Hope Farm dedicates vocational center

Fort Worth’s HOPE Farm dedicated a new vocational center Sept. 29, launching a program to bring economic and career opportunities to fatherless boys and their families.

Named for longtime supporter and Dallas businessman Tom Slone, a proponent of vocational training, the Slone Vocational Center will bring together private partners and professional volunteers to provide hands-on certificate training and internship opportunities to HOPE Farm’s student participants.

Mr. Slone passed away in 2018.

And while HOPE Farm celebrates its young men who go on to college to pursue their dreams, the reality is that college – and its price tag – can be a nightmare for many students, the news release said.

“We believe in setting our boys up for success, and for a lot of our students, driving them toward college and insurmountable student debt is a tragic disservice,” said Sacher Dawson, HOPE Farm Executive Director.

“With vocational training, our boys will graduate high school with real hands-on work experience, a trade certificate, and connections to community business leaders. A career-ready, Christ-centered, empowered young man is a great gift to himself, his family, and his community,” Dawson said.

HOPE Farm is working with Tarrant County College and the City of Fort Worth to create a sustainable curriculum of vocational training in the areas of welding, plumbing, HVAC and light mechanic.

The Center will dovetail with HOPE Farm’s four pillars approach: Read (academic development), Feed (physical development), Parent (spiritual development), and Empower (social development), the news release said.

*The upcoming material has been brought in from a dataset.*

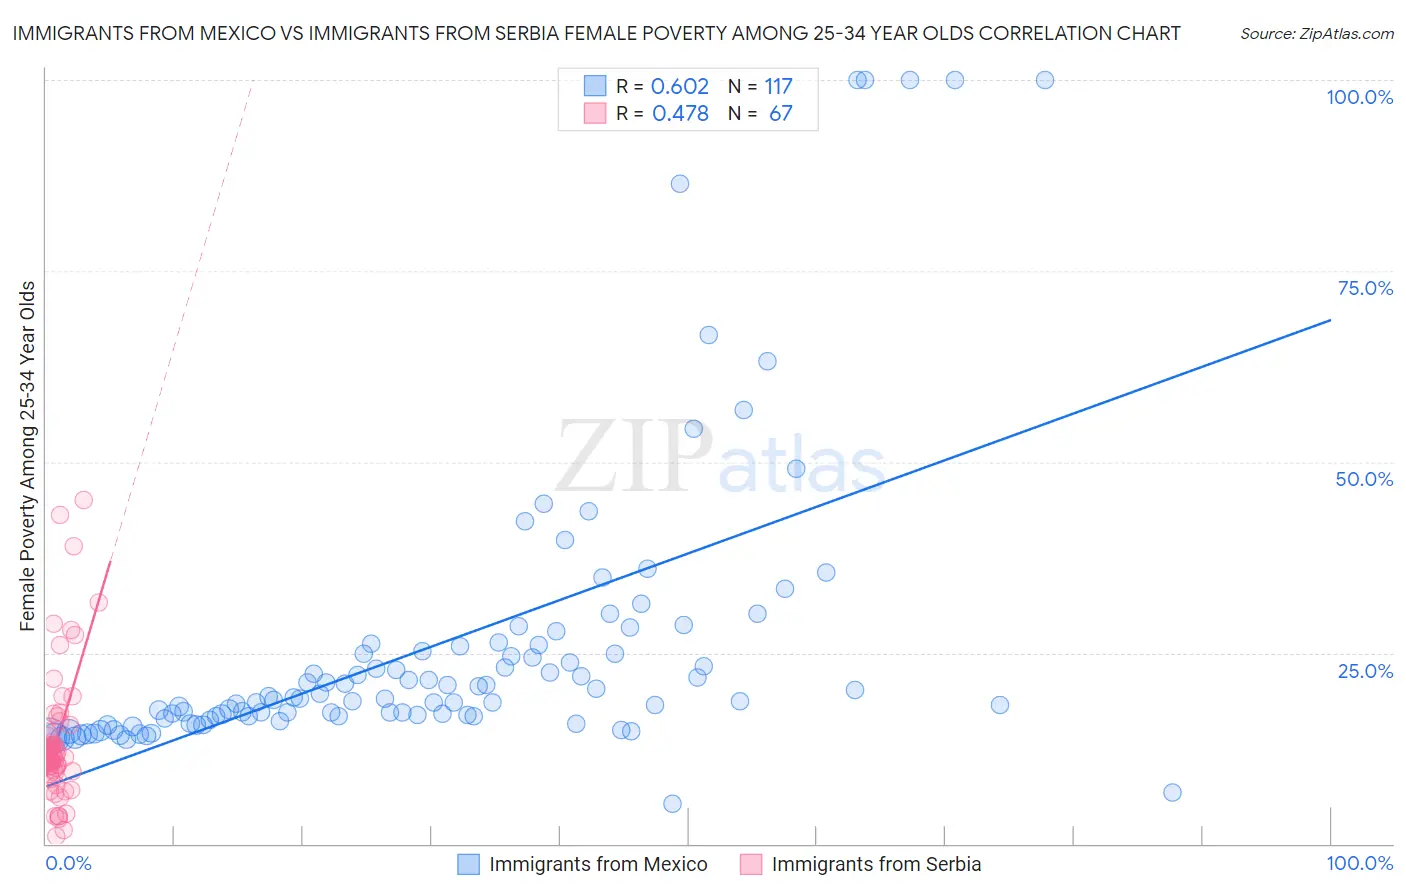 Immigrants from Mexico vs Immigrants from Serbia Female Poverty Among 25-34 Year Olds

HOPE Farm has served fatherless boys ages 5-18 and their mothers or caretakers in the southside of Fort Worth since 1997, working to eradicate the cycle and effects of fatherlessness by cultivating at-risk boys into tomorrow’s leaders.

“Fort Worth is a roll-your-sleeves-up, get-to-work kind of town,” Dawson said. “I’m thrilled that HOPE Farm is creating a vocational program to help ensure the next generation of our workforce is ready for incredible opportunity. HOPE Farm is changing the tide of our community, one young man at a time.”

The dedication was the first step in development of the Slone Vocational Center, and the organization plans to open its doors to the first students in August 2022.

For those interested in supporting an expedited schedule through donations or in-kind gifts, please contact Victor Neil, HOPE Farm Vice President of Marketing and Development. Through Dec. 31, 2020, an anonymous donor will match all gifts for the Slone Vocational Center up to $70,000.

“Tom always believed in the empowerment and tangibility of vocational training,” said Fran Slone, Slone’s widow. “We’ve long supported HOPE Farm’s work and watched the boys transform into incredible young men. It’s a blessing to be able to help propel forward this next chapter of the organization and the families they support.”

HOPE Farm Inc. is a Fort Worth-based 501(c)(3) dedicated to eradicating the cycle and effects of fatherlessness by cultivating at-risk boys into tomorrow’s leaders.

HOPE Farm’s programs enrich the spirit, mind, and body via leadership development, academics, physical education, Bible study, and music, as well as a mothers’ resource initiative, the organization said.

HOPE Farm serves boys ages 5-18 and their mothers or caretakers from two Fort Worth campuses: its headquarters in the southside of Fort Worth, where it has been located since 1997, and its new Como campus, which opened in 2019.

A new South Dallas location opened in spring of 2020.